Whilst local government is indeed a form of government, it is also a creature of statute. Out of recognition of the imperatives of democratic self- government, the statutory provisions have enacted the creation of largely independent corporations accountable (in the ordinary course) not to the minister (that is, the Crown), but to the people who elect them. In this sense, the high measure of independence of statutory corporations, by which local government is ordinarily carried out, is inconsistent with viewing their employees as servants of the Crown. The exceptional powers of ministerial intervention remain that: exceptions. For the purpose of characterisation of the nature of the service, it is more appropriate to catalogue it as being "in the service of local government authorities" and not "in the service of the Crown".

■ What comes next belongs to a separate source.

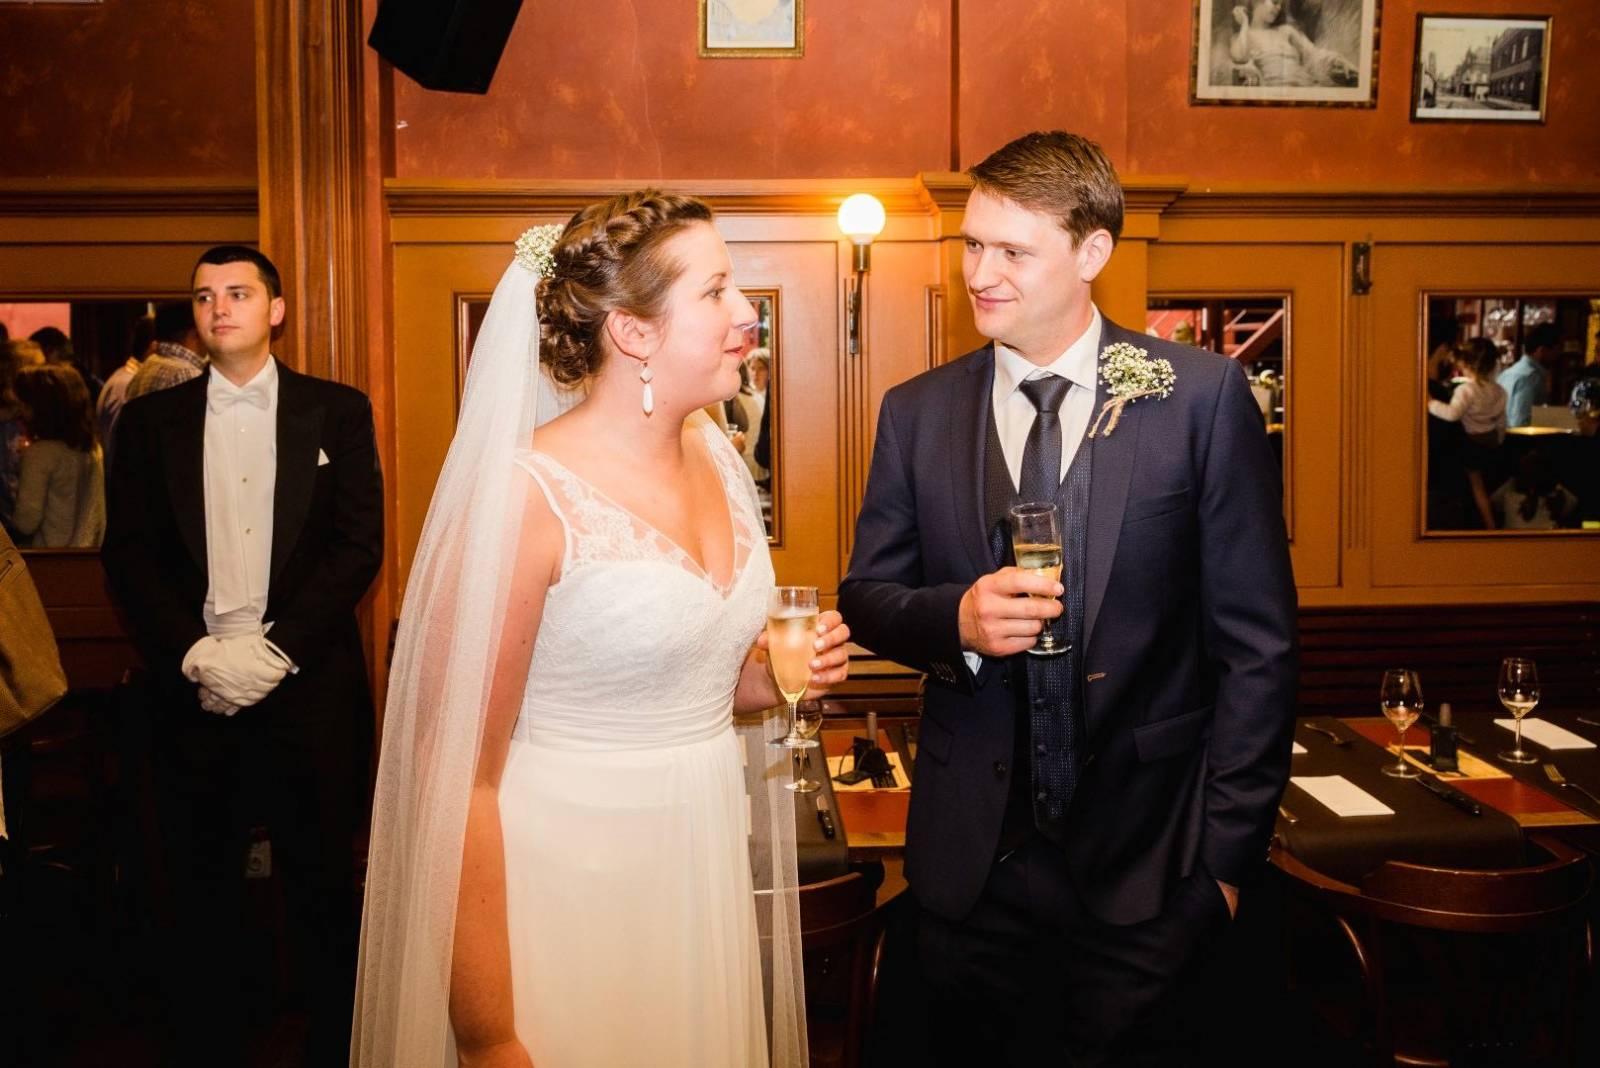 Lamont Ceremonie - Ceremonie - Fotograaf Fotografie De Moor & Muller - House of Weddings - 1

This view also coincides with what must be deemed to have been the view of the drafter in making express provision for other highly independent statutory corporations and adding them expressly to the list in Schedule 4 to the GREAT Act. If local government employees are to be regarded as "in the service of the Crown", so, almost certainly, would be all of the employees of all of the employing authorities for whom express provision was made in s 4 and Schedule 4 of the GREAT Act. It would render Schedule 4 unnecessary.

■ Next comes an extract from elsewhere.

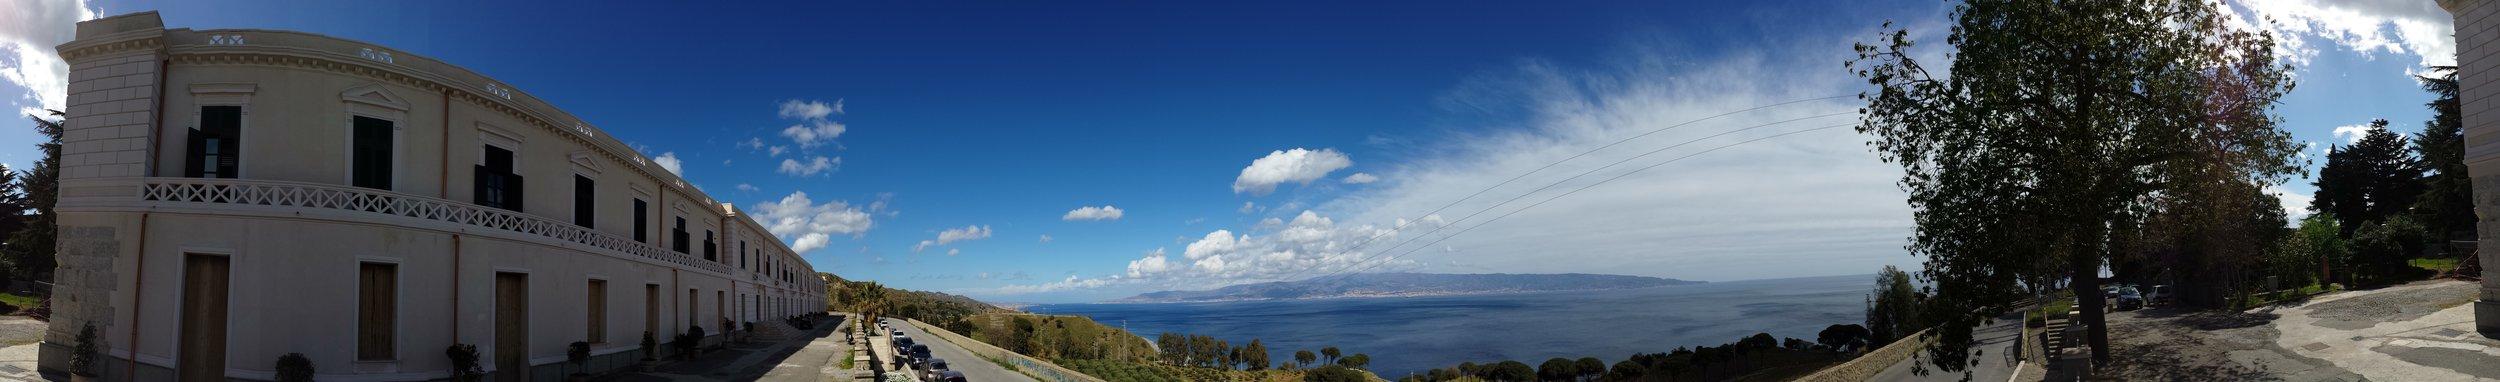 Vista  Panoramica di S. Placido.jpg

I do not say that local government employees should not be within the ambit of the GREAT Act. In a very real sense, they are government employees. They carry on many activities which are governmental in character. They do so under legislation of the State Parliament. But from the beginning of this form of statutory review, both under the Crown Employees Appeal Board Act 1944 and under the GREAT Act, local government employees have been excluded. As the terms of reference for the Bowen Committee suggest, this has been a deliberate decision of succeeding governments and parliaments. That decision can be unmade. But in the end I have concluded that it should be unmade by parliament, not by the court, reading into an admittedly ambiguous provision an operation which fairly clearly was not intended.

Conclusions and orders:

The result is that the Council's appeal to this Court must succeed. I would propose the following orders:

1.
Appeal allowed;
2.
Set aside the decision of the Government and Related Employees Appeal Tribunal in appeal No 756 of 1993, by which the Tribunal held that it had jurisdiction to hear and determine the appeal;
3.
In lieu thereof:

(a)
declare that the Government and Related Employees Appeal Tribunal does not have jurisdiction to hear and determine appeal No 756 of 1993;
(b)
order that the purported appeal by the respondent to the Tribunal in appeal No 756 of 1993 be struck out for want of jurisdiction;

4.
Order that the respondent pay the appellant's costs of the appeal; and
5.
Reserve liberty to the parties to apply to the Tribunal or to this Court for any further or other relief, provided such application is made within twenty-eight days of these orders.